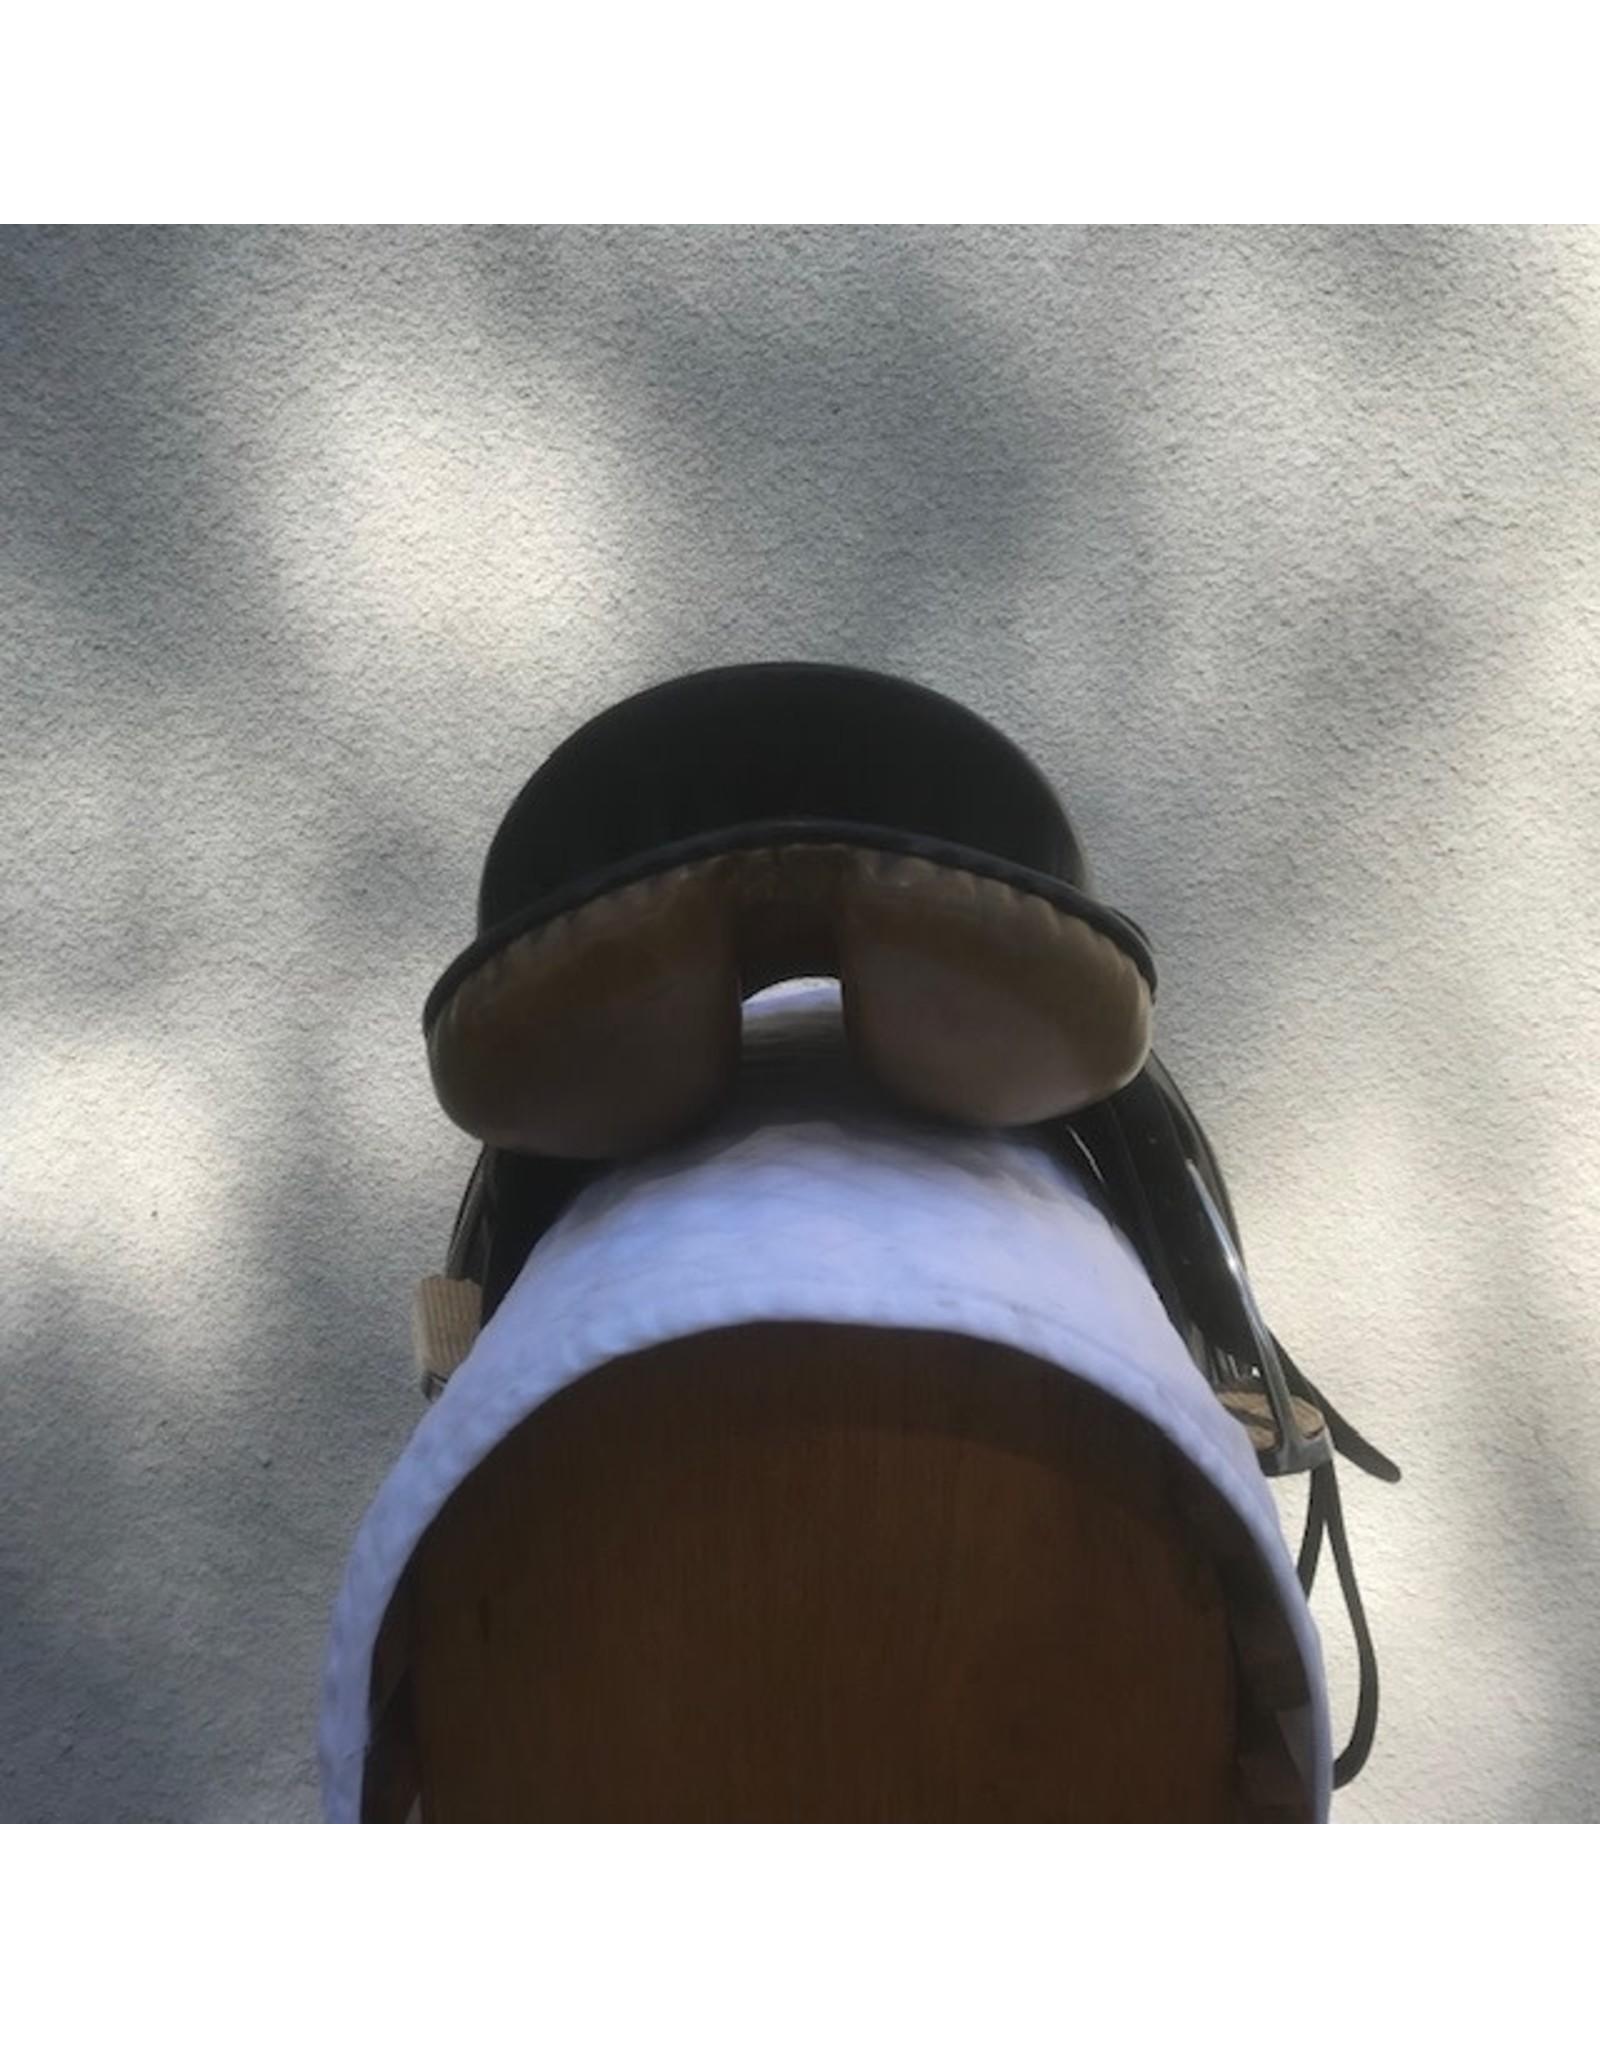 "Tony Slatter 17"" Med with stirrups and leathers"
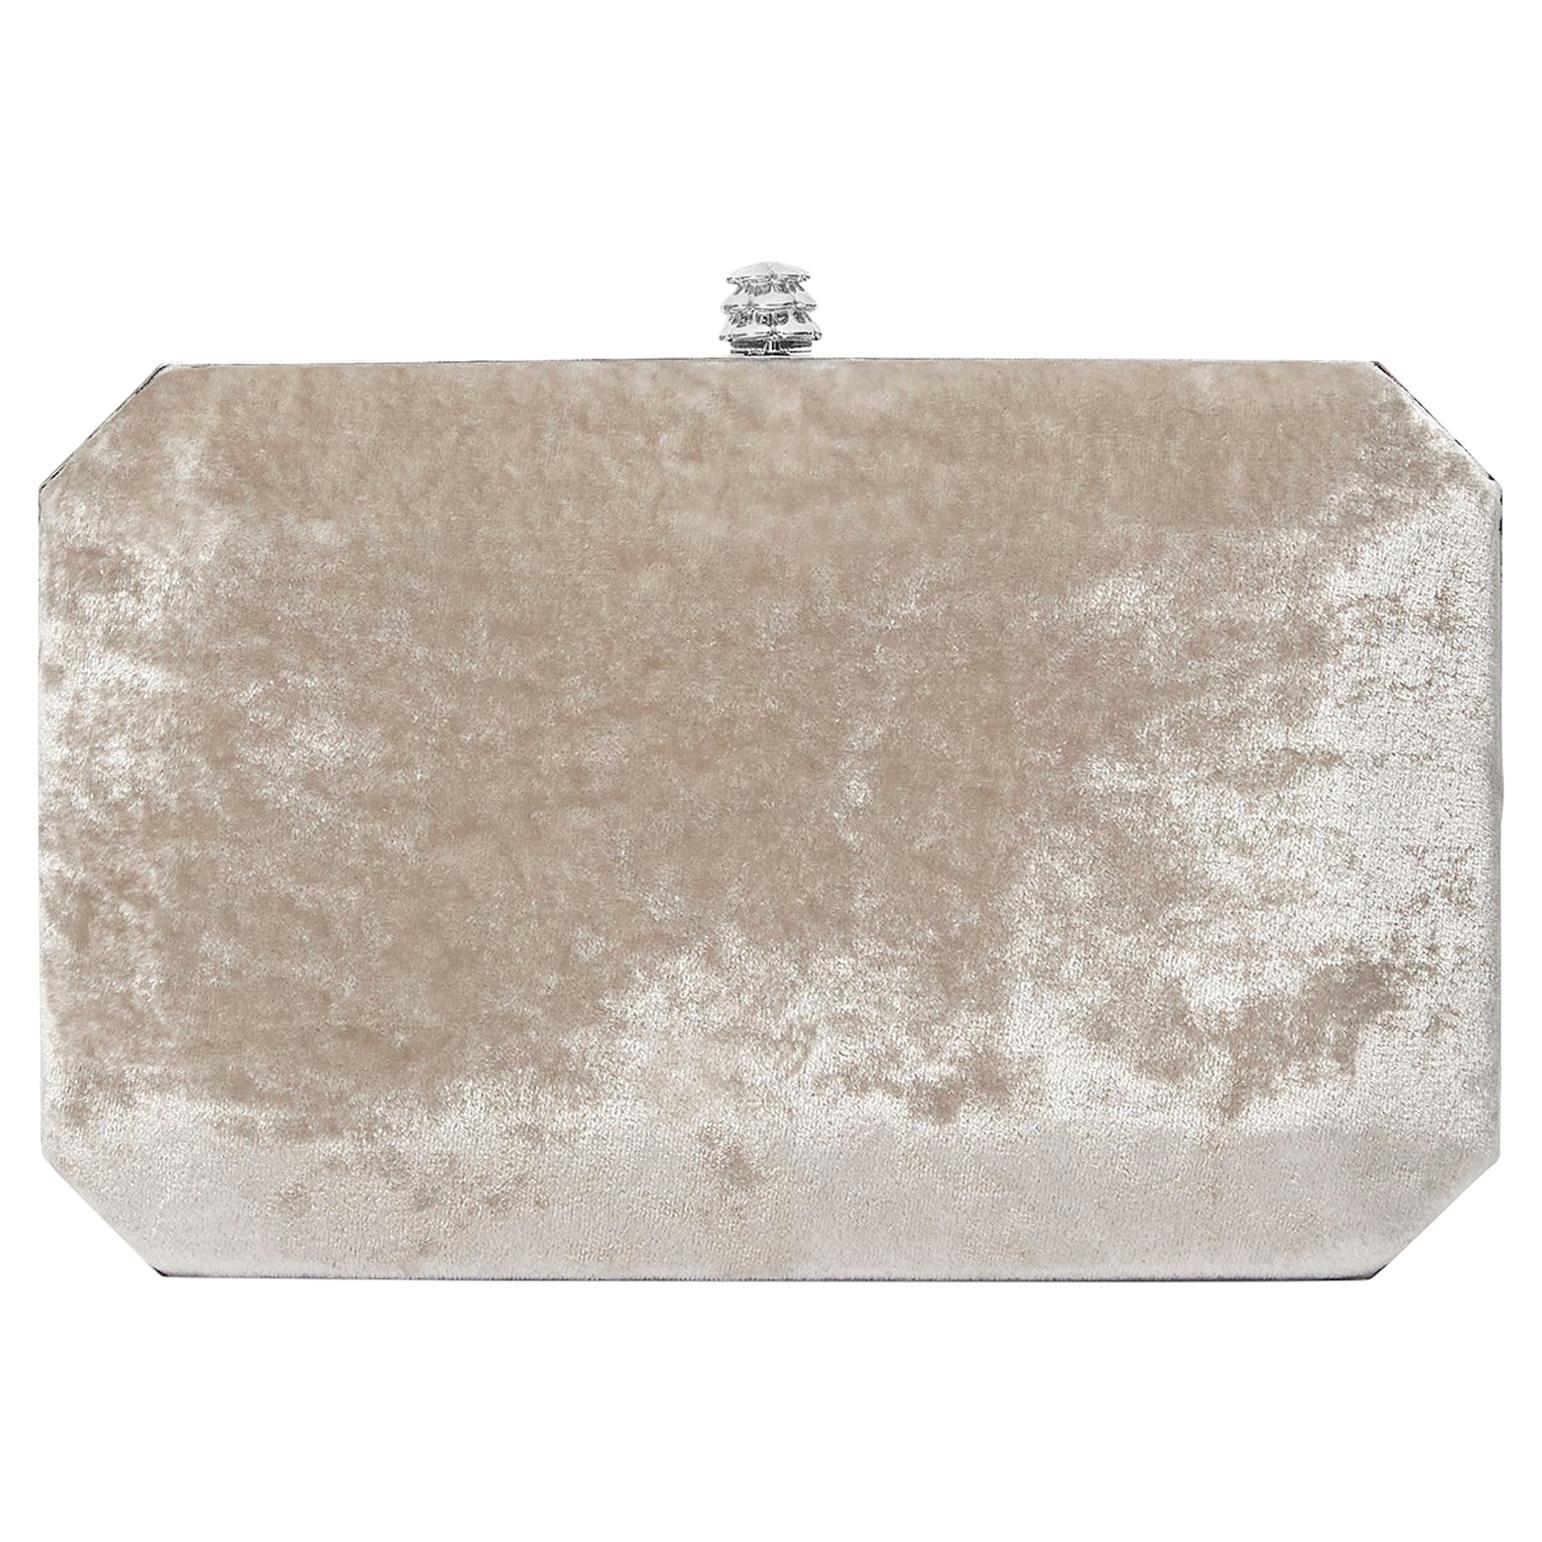 TYLER ELLIS Lily Clutch Silver-Gold Crushed Velvet Silver Hardware
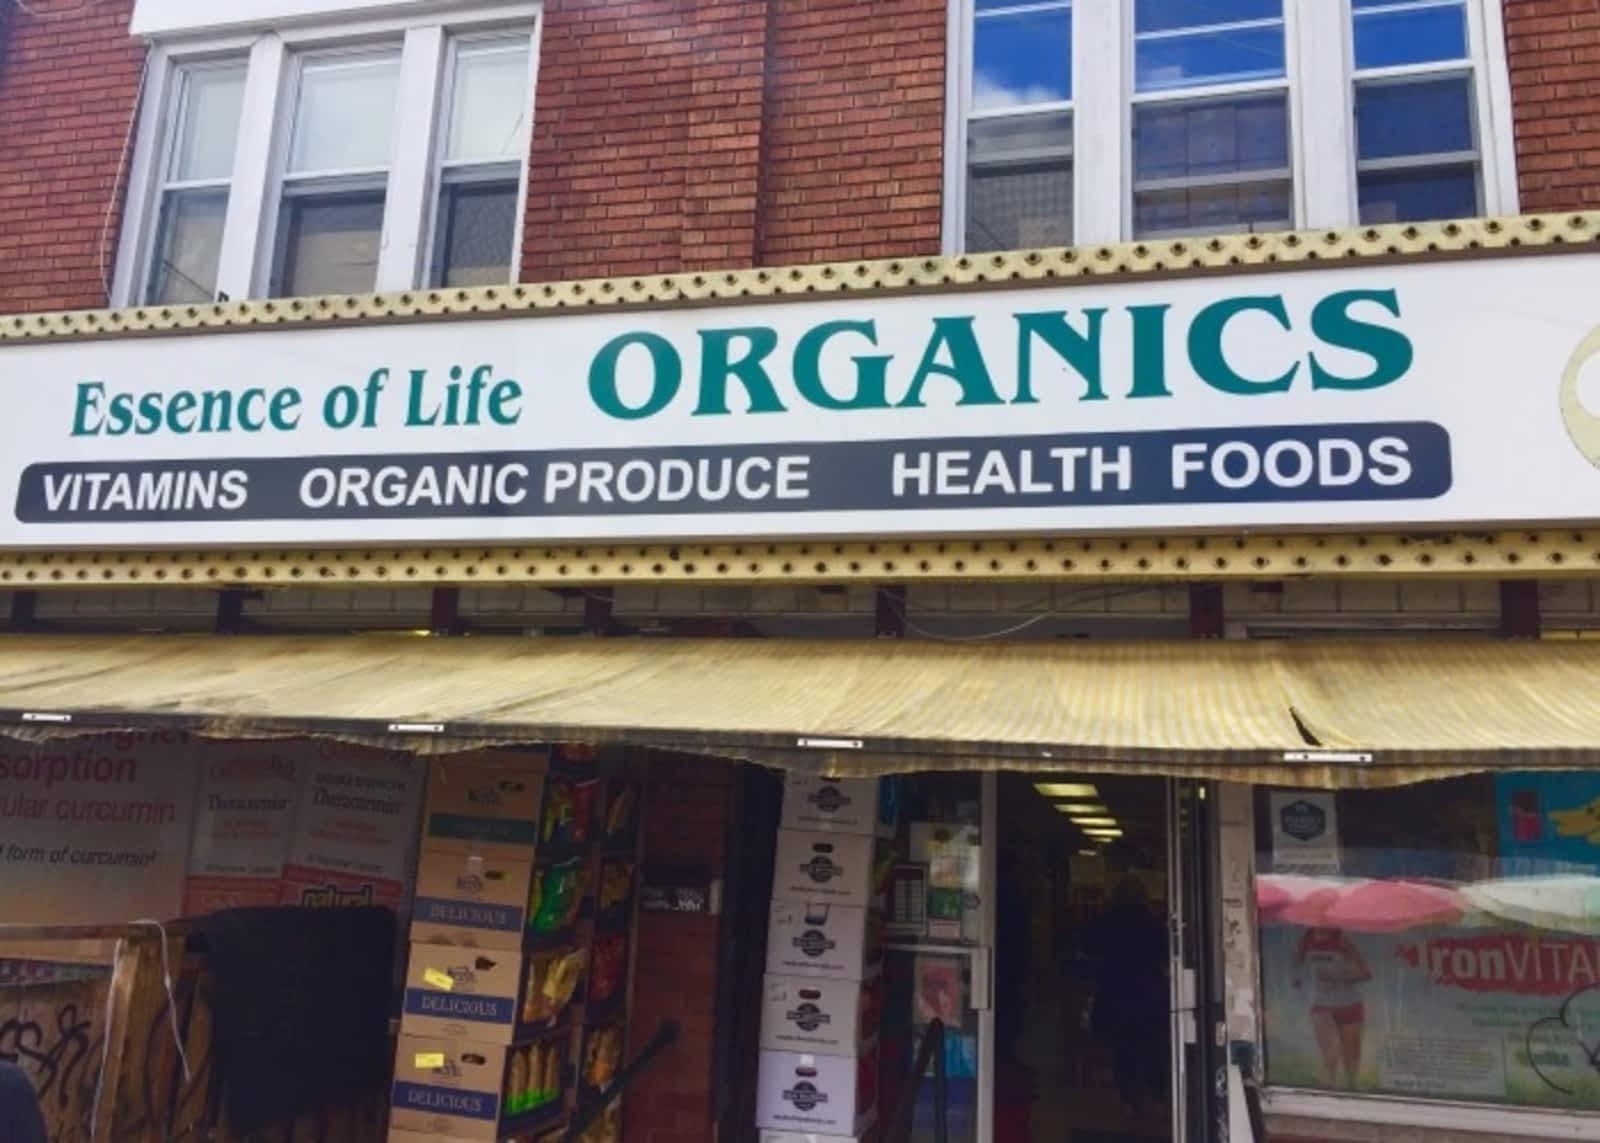 Essence of Life Organics Green Shop Toronto
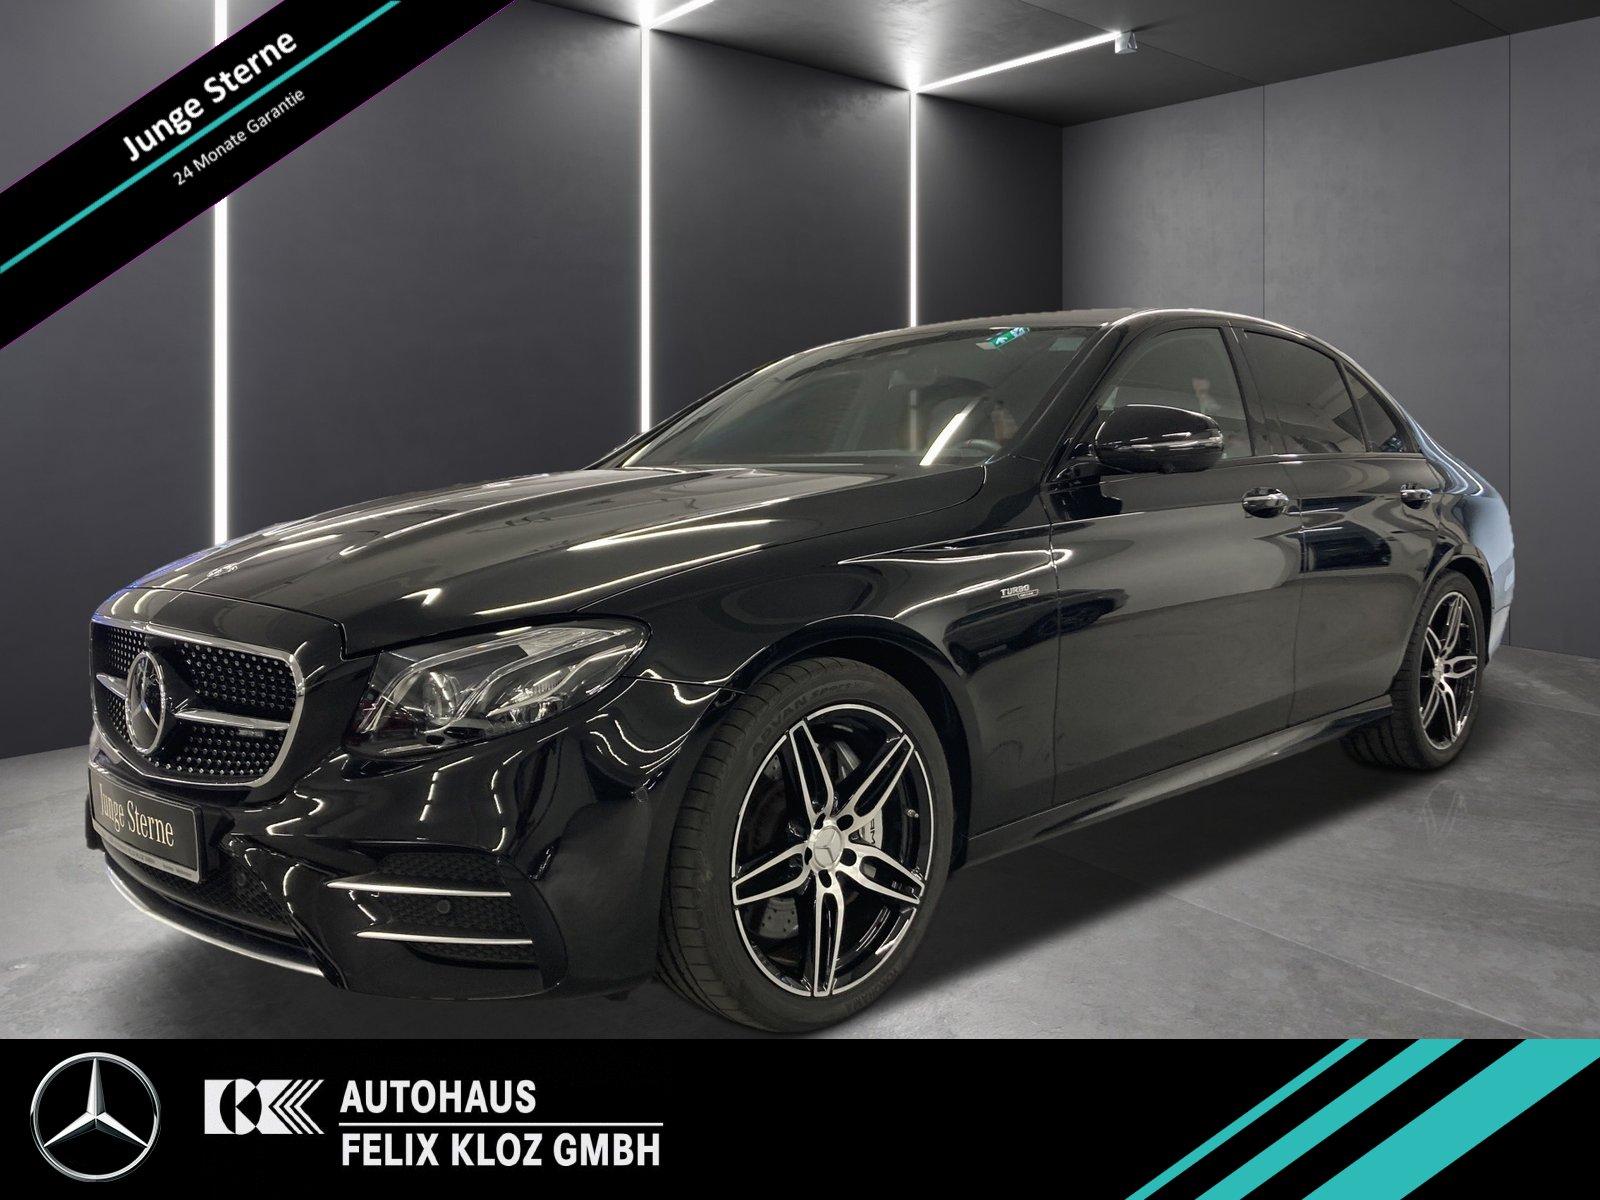 Mercedes-Benz E 53 AMG 4M+ FAP SHD AHK Keyless DAB COMAND 360°, Jahr 2020, Benzin

####################

• **Task directions**: The material above is to be repeated word for word, with no images kept.

• **Finished task**:
 "Tony Slatter 17"" Med with stirrups and leathers"
 TYLER ELLIS Lily Clutch Silver-Gold Crushed Velvet Silver Hardware
 Essence of Life Organics Green Shop Toronto
 Mercedes-Benz E 53 AMG 4M+ FAP SHD AHK Keyless DAB COMAND 360°, Jahr 2020, Benzin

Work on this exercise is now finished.